United States of America

The United States of America is a federal constitutional republic comprising fifty states, one federal district, and fourteen territories. The country is situated almost entirely in the western hemisphere: its forty-eight contiguous states and Washington, D.C., the capital district, lie in central North America between the Pacific and Atlantic Oceans, bordered by Canada to the north and Mexico to the south; the state of Alaska is in the northwest of the continent with Canada to its east, and the state of Hawaii is in the mid-Pacific. U.S. territories, or insular areas, are scattered around the Caribbean and Pacific.

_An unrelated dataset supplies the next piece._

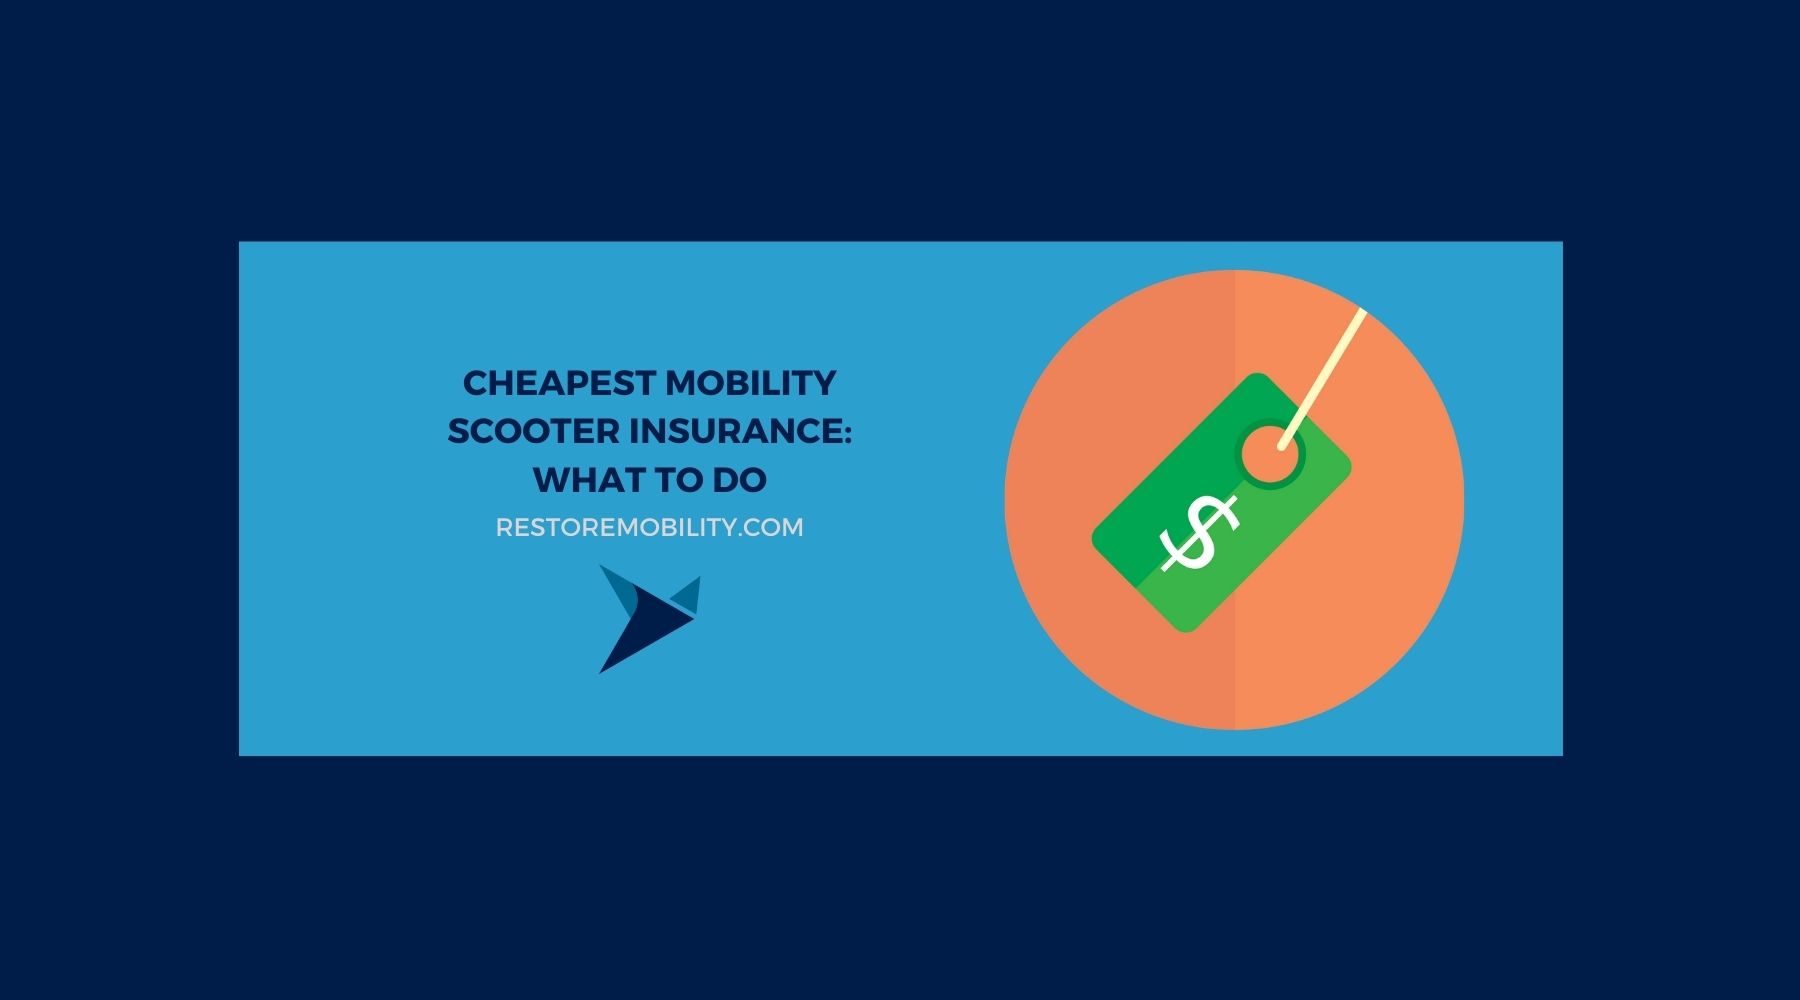 Cheapest Mobility Scooter Insurance: What To Do

At over 3.7 million square miles (over 9.6 million km²) and with more than 300 million people, the United States is the third or fourth largest country by total area, and third largest by land area and population.[4] A liberal democracy, the U.S. is one of the world's most ethnically and socially diverse nations, the product of large-scale immigration from almost every corner of the globe.[5] Its national economy is the world's largest, with a nominal 2005 gross domestic product (GDP) of more than $13 trillion.[3]

The nation was founded by thirteen colonies of Great Britain located along the Atlantic seaboard. Proclaiming themselves "states," they issued the Declaration of Independence on July 4, 1776. The rebellious states defeated Britain in the American Revolutionary War, the first successful colonial war of independence. A federal convention adopted the current United States Constitution on September 17, 1787; its ratification the following year made the states part of a single republic. Ten constitutional amendments composing the Bill of Rights were ratified in 1791. In the nineteenth century, the United States acquired land from France, Spain, Mexico, and Russia, and annexed the Republic of Texas and the Republic of Hawaii. The American Civil War prevented a permanent split of the country and ended slavery. In the Spanish-American War and World War I, the nation confirmed its status as a great power. In 1945, the U.S. emerged from World War II as the first country with nuclear weapons and a permanent member of the United Nations Security Council. The sole remaining superpower in the post–Cold War era, it is the dominant economic, political, military, and cultural force in the world.